An Assessed Cloud is a cloud solution when the CSP readiness has already been evaluated by both NUS IT and ORMC’s PDP unit and is commonly used by the University community. The Cloud Service Provider readiness assessment will generally take up to 2 months on average. With the assessed cloud, the overall assessment duration will be reduced as users of a department can just focus on the department readiness assessment. However, not all the clouds assessed for CSP readiness will be accorded “Assessed Cloud”, as these include conditional approved clouds and clouds that are specific to department use.
When is Cloud Assessment Required?
A cloud solution must be evaluated and approved prior to procurement.
How to Submit Cloud Assessment?
Cloud assessment should be submitted via the NUS Cloud Assessment app, nCloudAssess, available at https://nusit.nus.edu.sg/cloud-assessment/nCloudAssess. If a cloud solution has already been assessed, i.e. deemed “Assessed Cloud”, and is centrally supported by Centre of Instructional Technology (CIT) or NUS Information Technology (IT), then users do not need to submit cloud assessment for this solution. If the Assessed Cloud is not centrally supported by CIT or NUS IT, users will have to submit a department readiness assessment for the intended cloud solution.

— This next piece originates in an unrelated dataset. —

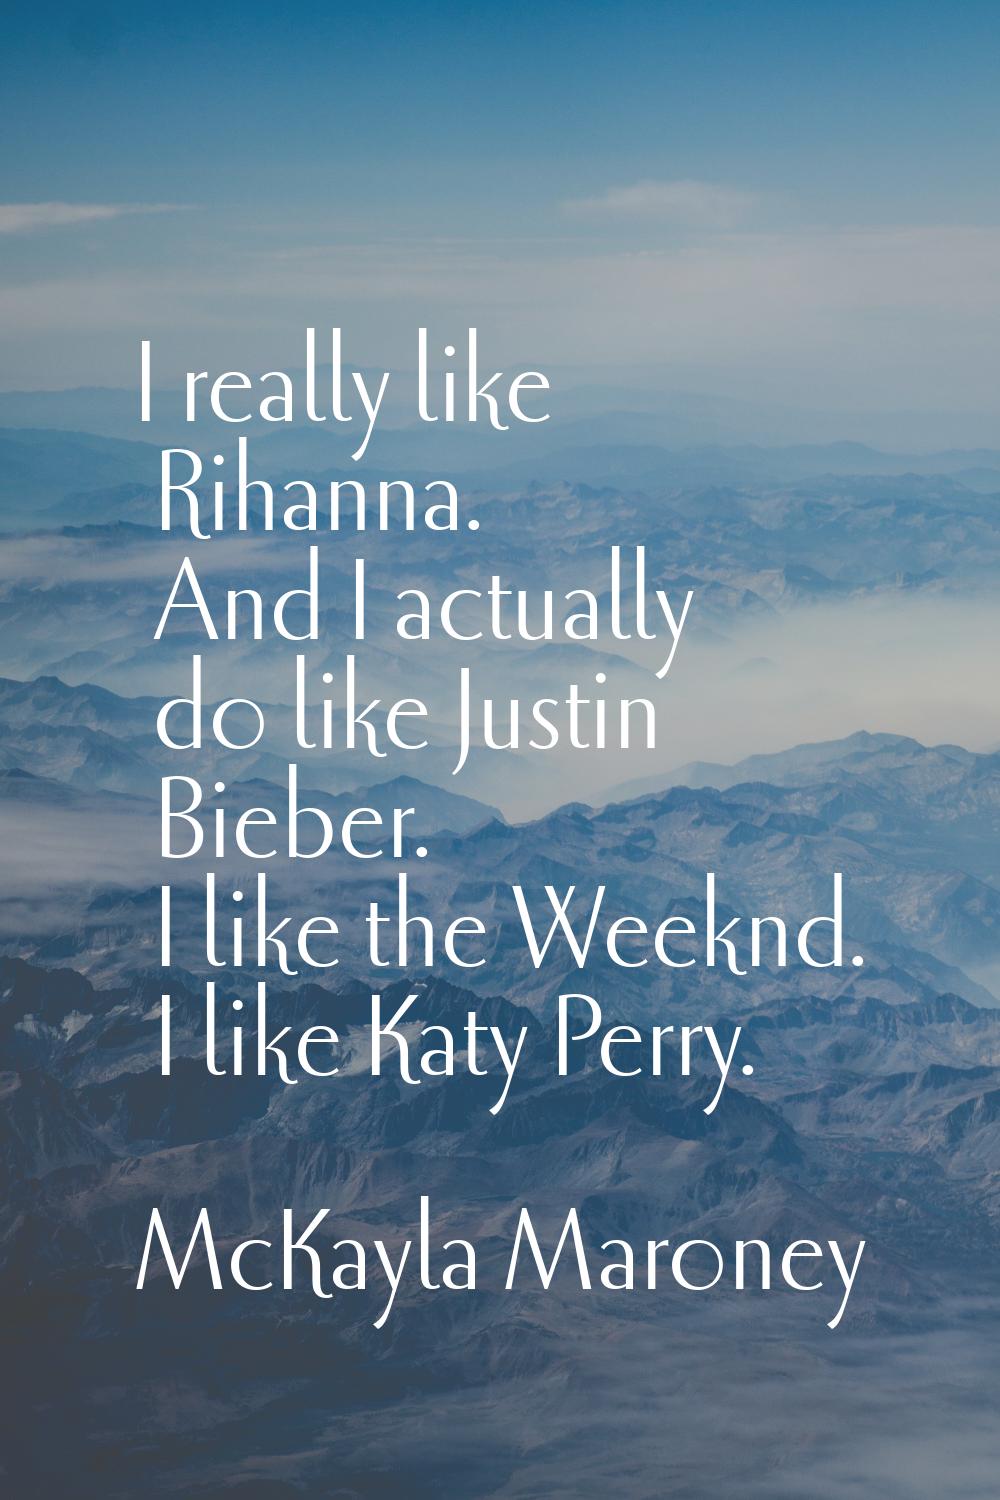 I really like Rihanna. And I actually do like Justin Bieber. I like the Weeknd. I like Katy Perry.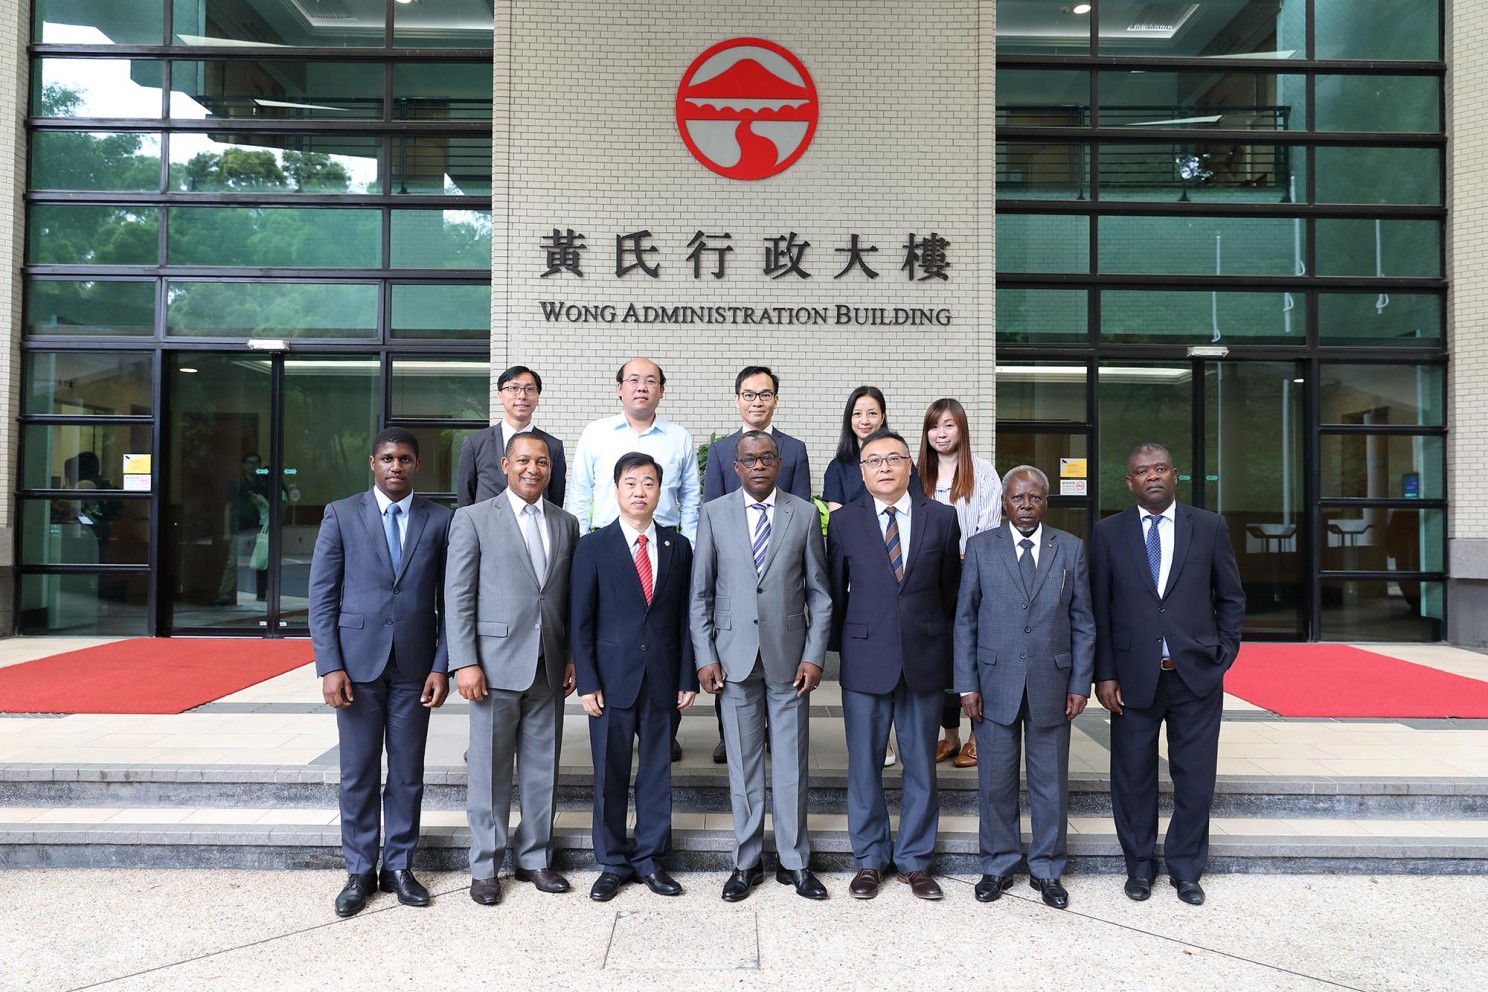 Angola Ambassador to China and Consul General in Hong Kong visit Lingnan University

For a cloud solution that has not been assessed or is not considered as Assessed Cloud, a full cloud assessment will be required.
Why and When is Cloud Re-assessment Required?
Cloud solution that has been evaluated may need re-assessment to ensure that the use of the cloud solution is kept up-to-date and conforms to the current IT, personal data and data management practices, policies, regulations and legislations.
Some Cloud re-assessment requirements include:
- Data Classification of data hosted on cloud has been changed to that of higher sensitivity. For example, from NUS Restricted to NUS Confidential.
- There are significant changes in the scope of the cloud used. For example, changing cloud platform, significant changes to the personal data handling workflow processes, the volume of personal data handled or stored in the cloud platform, capturing personal data that are not in the original scope, or additional artificial intelligence or other functionalities added to the system or platform.
- The cloud that is providing mission-critical services to the University, i.e., enterprise service, should be re-assessed every 2 years.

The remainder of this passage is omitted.